Q. And how -- What would the answer be?
A. Well, this didn't have to be -- This wasn't there, so –
Q. The metal part.
A. The metal. So, that meant, I had to take some them before. Had to. Because the only time that they put that in there is when they start probing. (Ibid., p. 176)
www.maryferrell.org/showDoc.html?docId=789#relPageId=32
The ARRB counters by saying that they could have taken that off before he got down there to take the X-rays. He backs off and says that he was guessing. That doesn't settle the issue however, as researchers have noticed other anomalies in the photographs like the tiles on the walls not matching the tiles in the actual morgue. Furthermore, Custer said the head rest was put on only for probing, but what did they probe? There is serious doubt that they probed either the neck or back wounds as I have covered in other posts in this series and other series. So to me the removal or addition of it is irrelevant as the real question should be, why was it being used at all? Why was it in Photograph #33 that Custer was shown? There is also a towel in this photograph that Custer said he did not see when he took it.

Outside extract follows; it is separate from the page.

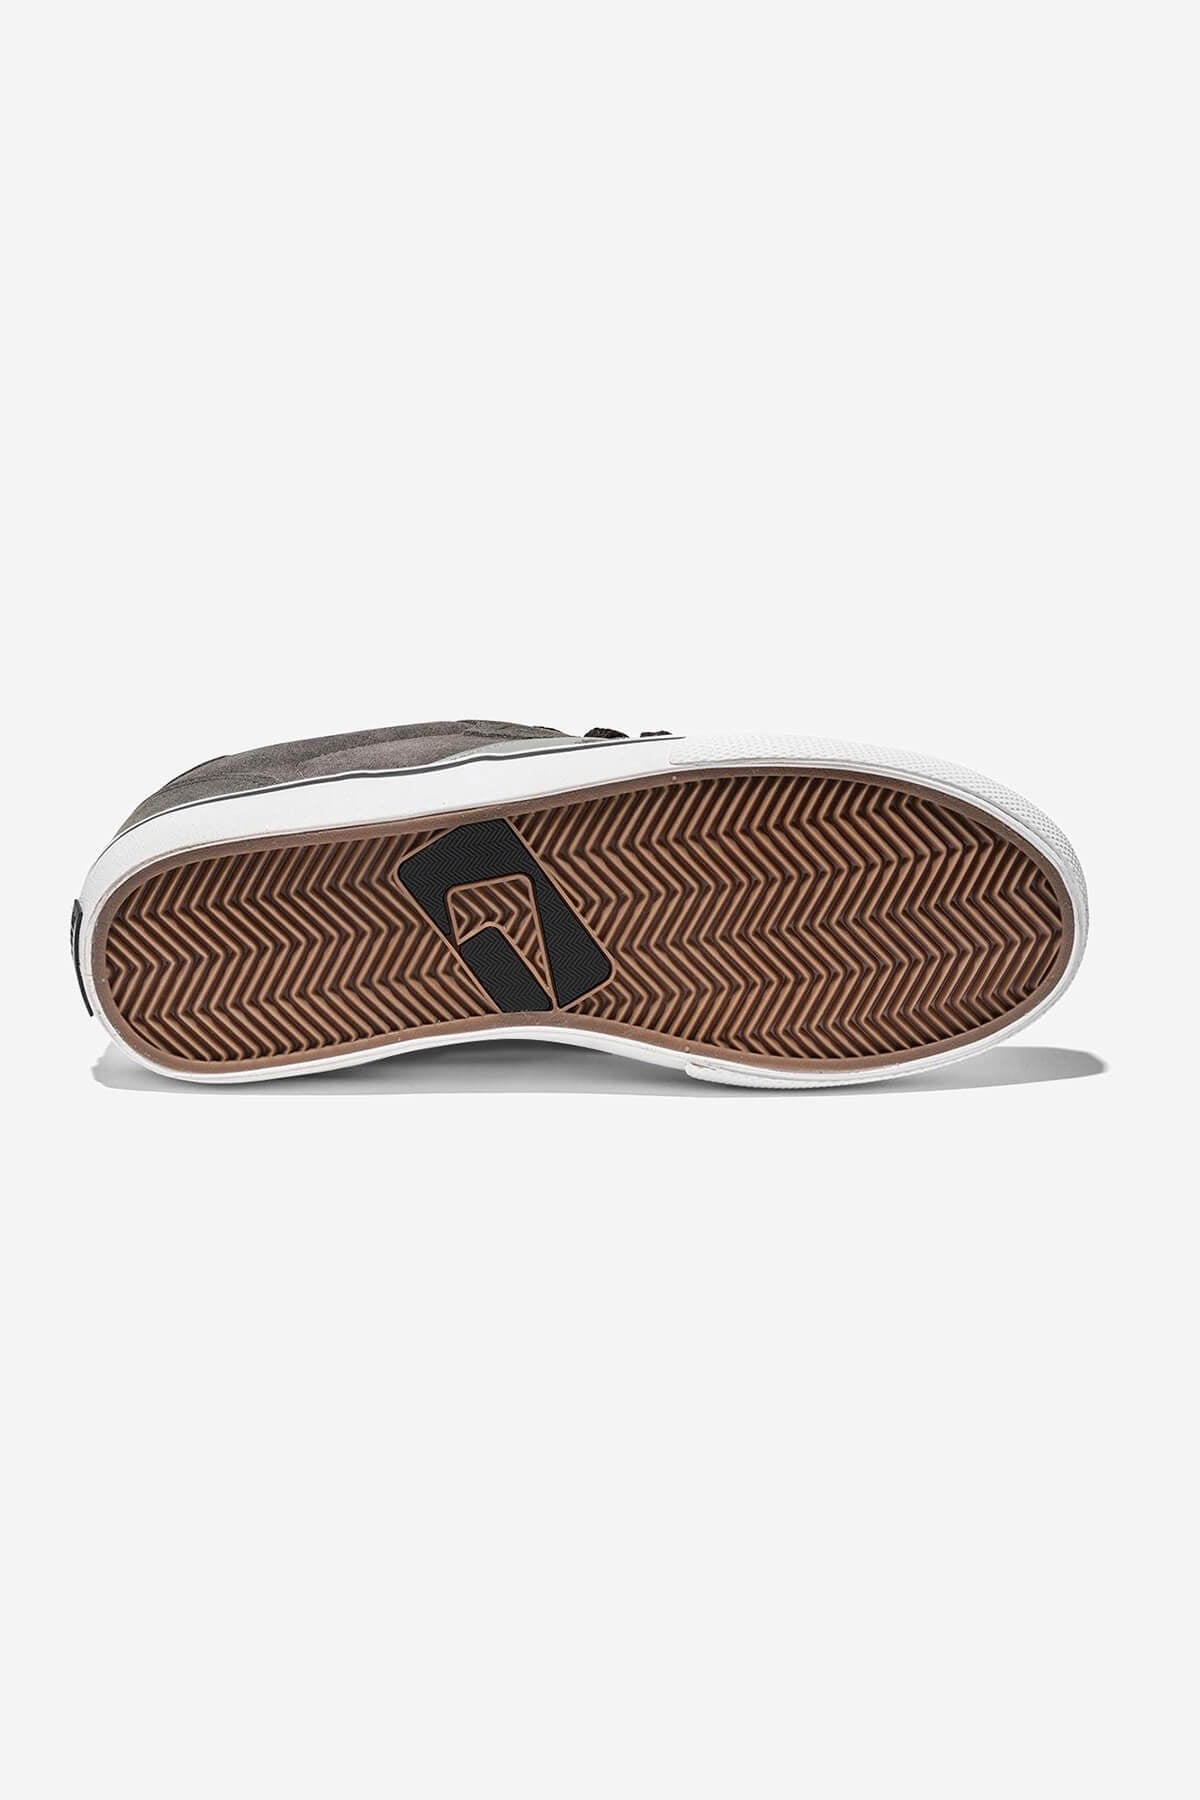 Encore-2 Charcoal/Grijs skateboard schoenen

He again identifies a wound to JFK's back in the "scapula area." (Ibid., p. 181) This is not the area the WC claimed it was located by the way. Their "doctors" -- Mr. Arlen Specter and Congressman Geral Ford -- knew better and said that it was at the base of the neck.
The rest of his deposition reviews Dr. Ebersole's HSCA testimony and it is interesting, but that is outside the scope of this post. You can read it if you wish to.
While Custer didn't see a wound to the occipital area, he did see damage going to the back of the head being much worse which shows a frontal shot hit JFK. He aslo gave testimony involving the body being at Walter Reed first and signs of surgery (sawing). Neither is in the official conclusion.
What do you make of Custer's testimony?